1. ## New Inverse Variation (check this please)

When a seesaw is perfectly balanced, each person’s distance, “d,” from the fulcrum varies inversely as his weight, “w.” If a 120-pound person sits 5 feet from the seesaw fulcrum, where must a 150-pound person sit to balance the seesaw?

w = k/d

120 = k/5

120*5 = k

600 = k

... find d when w = 150...

d = 600/w
d = 600/150
d= 4

Thanks a lot!

2. Originally Posted by bobbyboy1111
When a seesaw is perfectly balanced, each person’s distance, “d,” from the fulcrum varies inversely as his weight, “w.” If a 120-pound person sits 5 feet from the seesaw fulcrum, where must a 150-pound person sit to balance the seesaw?

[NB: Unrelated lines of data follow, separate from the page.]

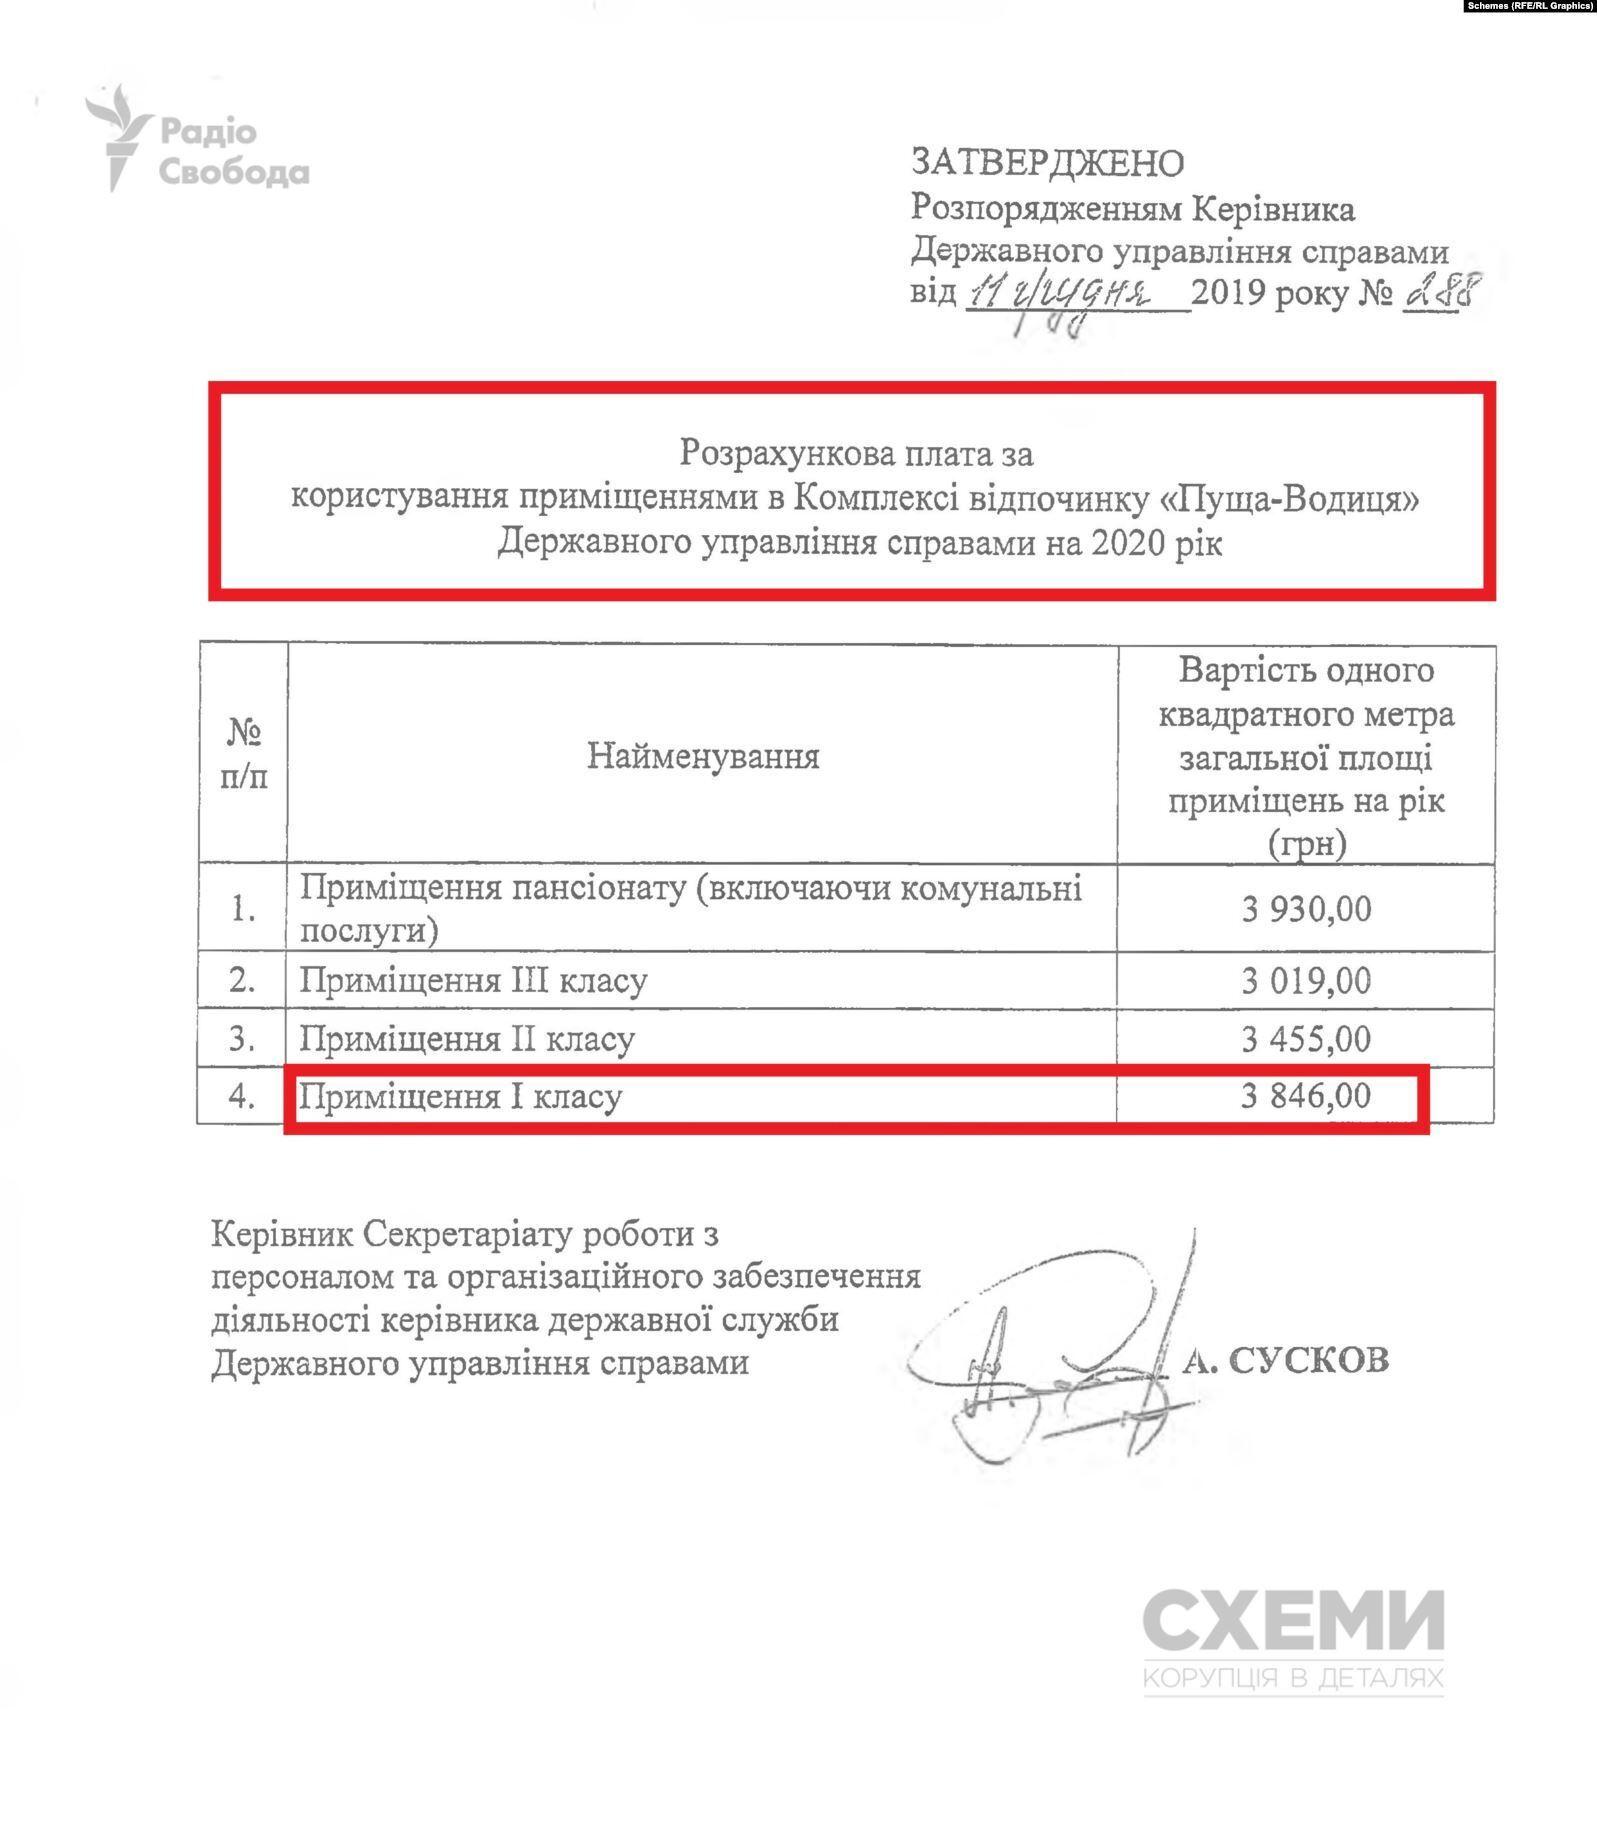 """Расчетная стоимость за пользование помещениями в """"Пуща-Водице"""" в 2020 году."""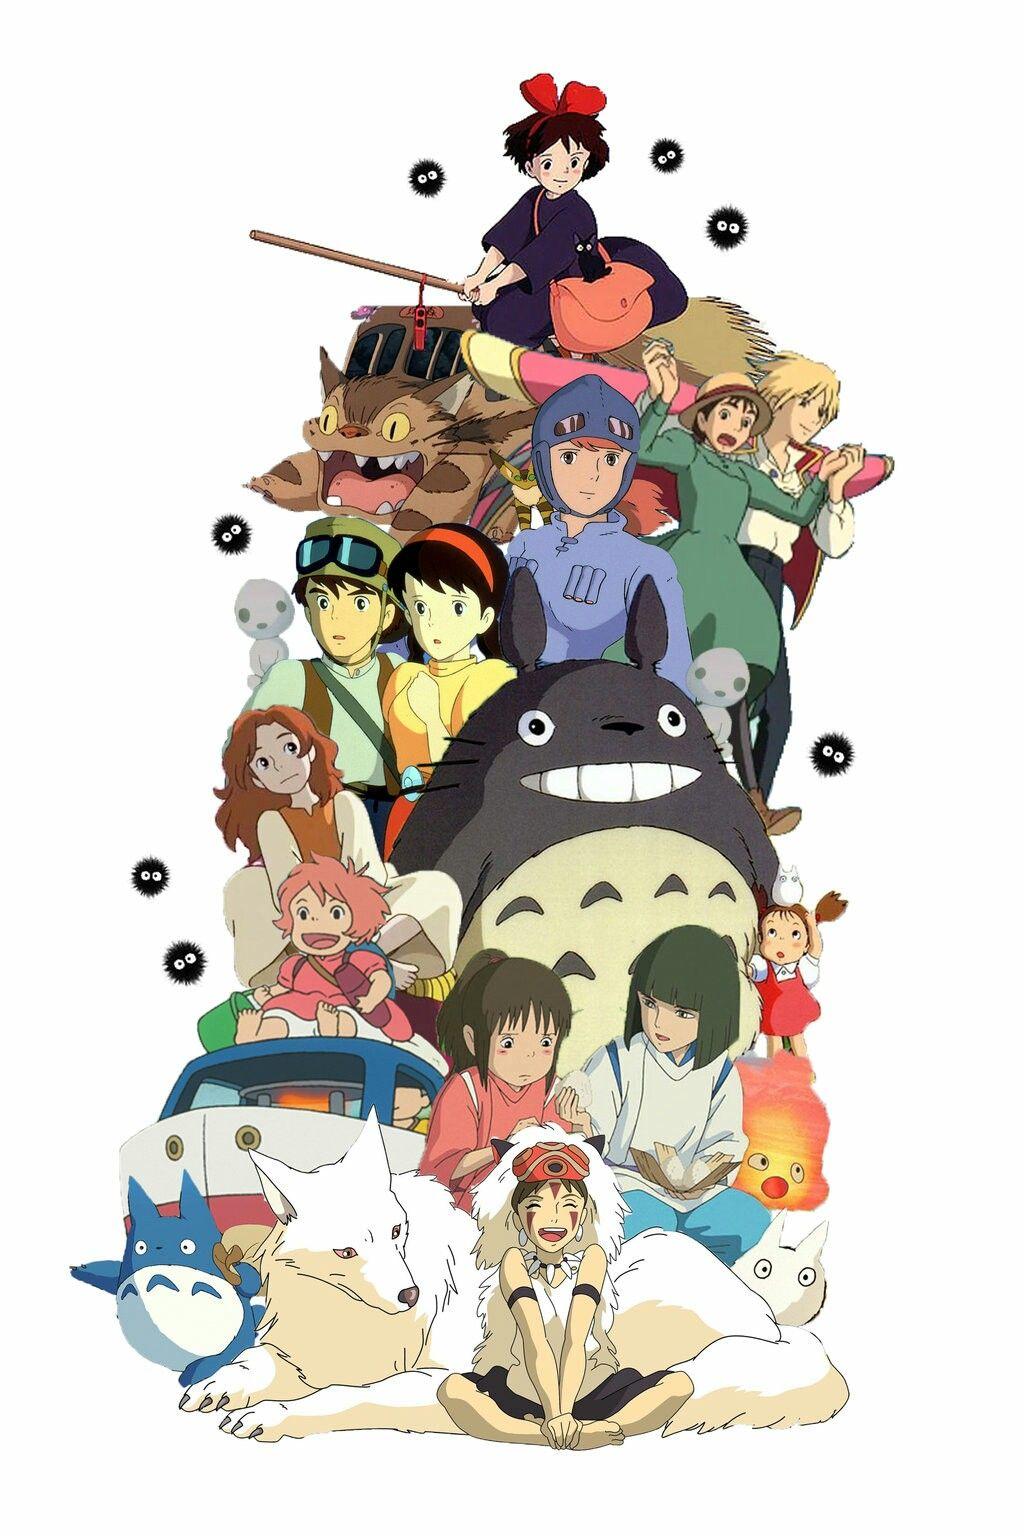 Image Dessin animé japonais de ctliewct du tableau art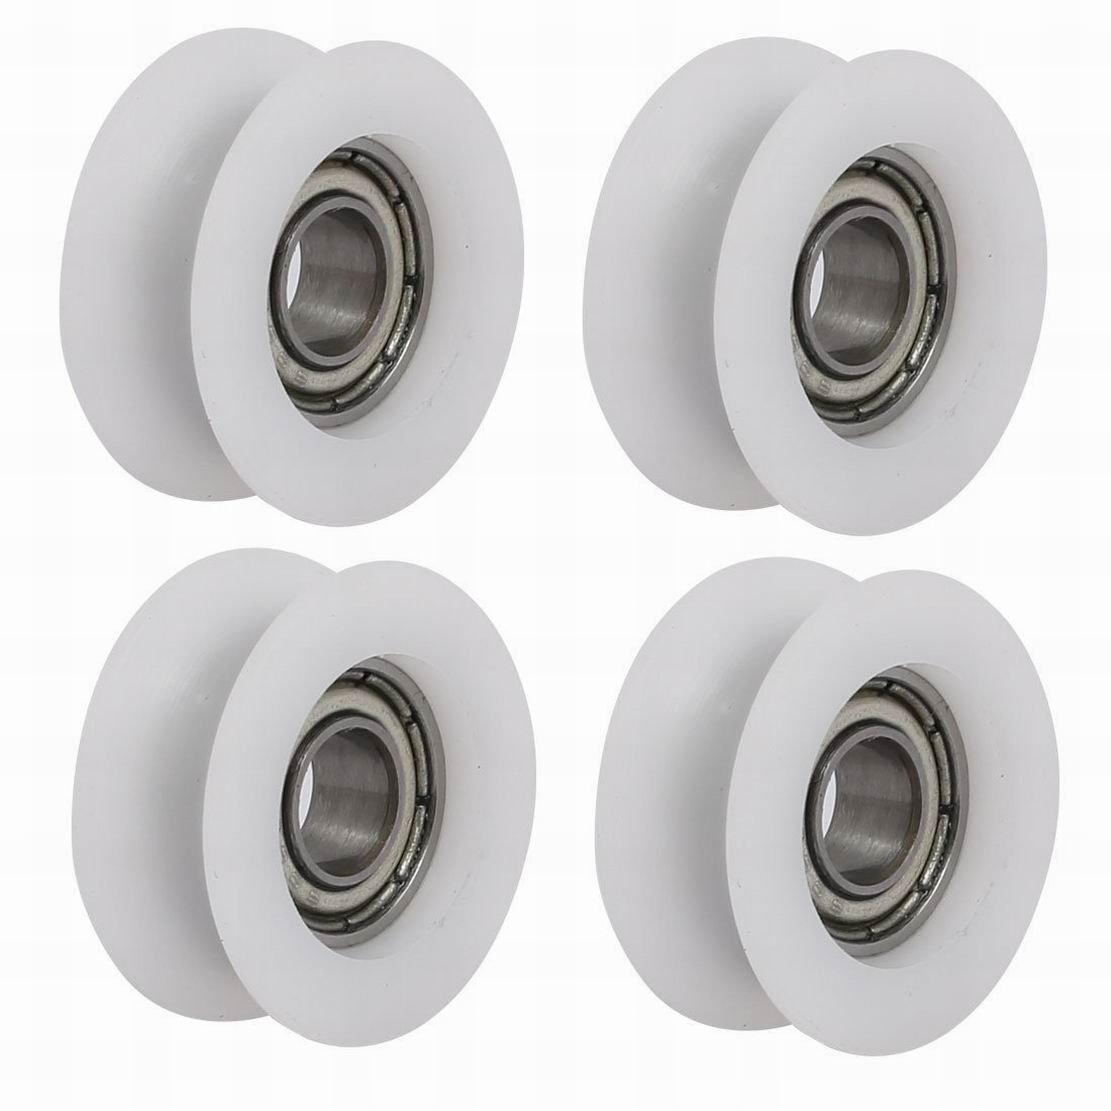 fuxell 6 mmx20mmx8.5 mm U Groove rodamientos Polea Rueda para puerta corredera de cristal blanco 4 piezas: Amazon.es: Amazon.es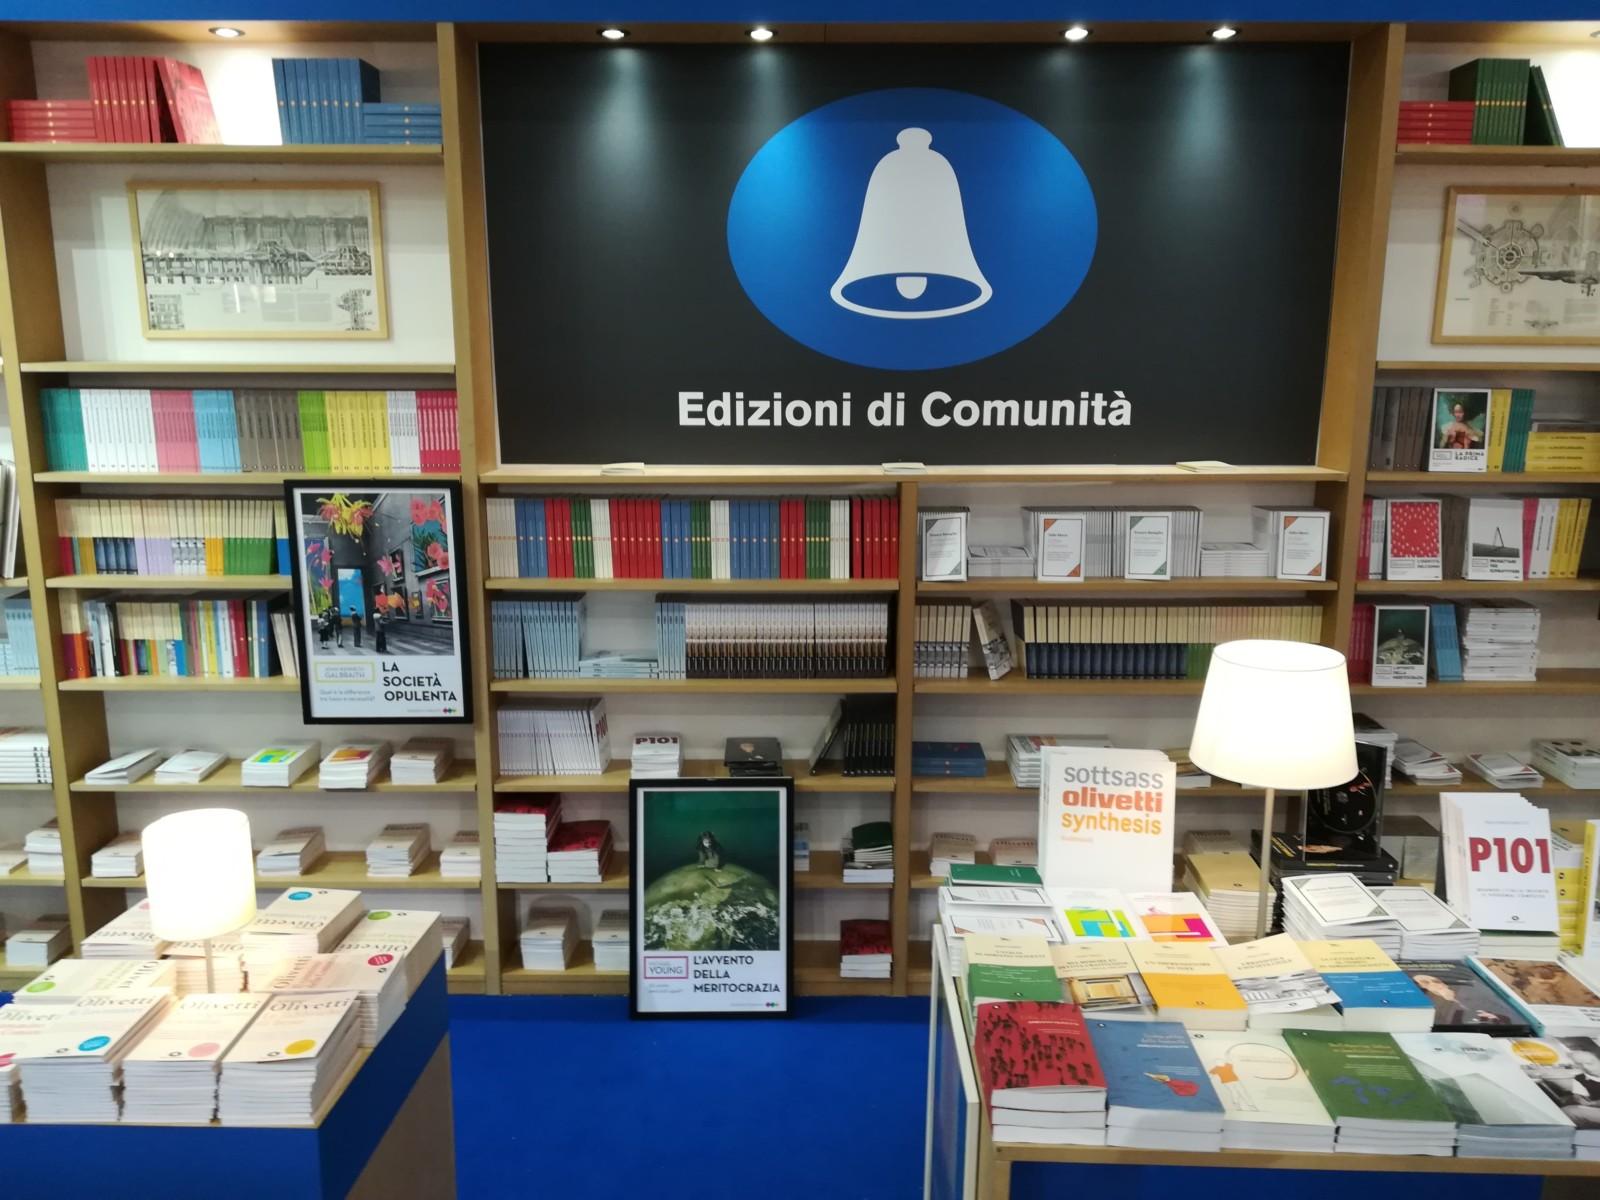 Salone Internazionale Libro - Torino (9)

w = k/d <=== This is incorrect.

120 = k/5

120*5 = k

600 = k

... find d when w = 150...

d = 600/w
d = 600/150
d= 4

Thanks a lot!
Hi bobbyboy1111,

Your original equation is incorrect. However, it didn't affect the value of k.

It should have been $d=\frac{k}{w}$

I noticed that you fixed it when you solved for the distance a 150 lb person needs to sit from the fulcrum. Your answer is correct.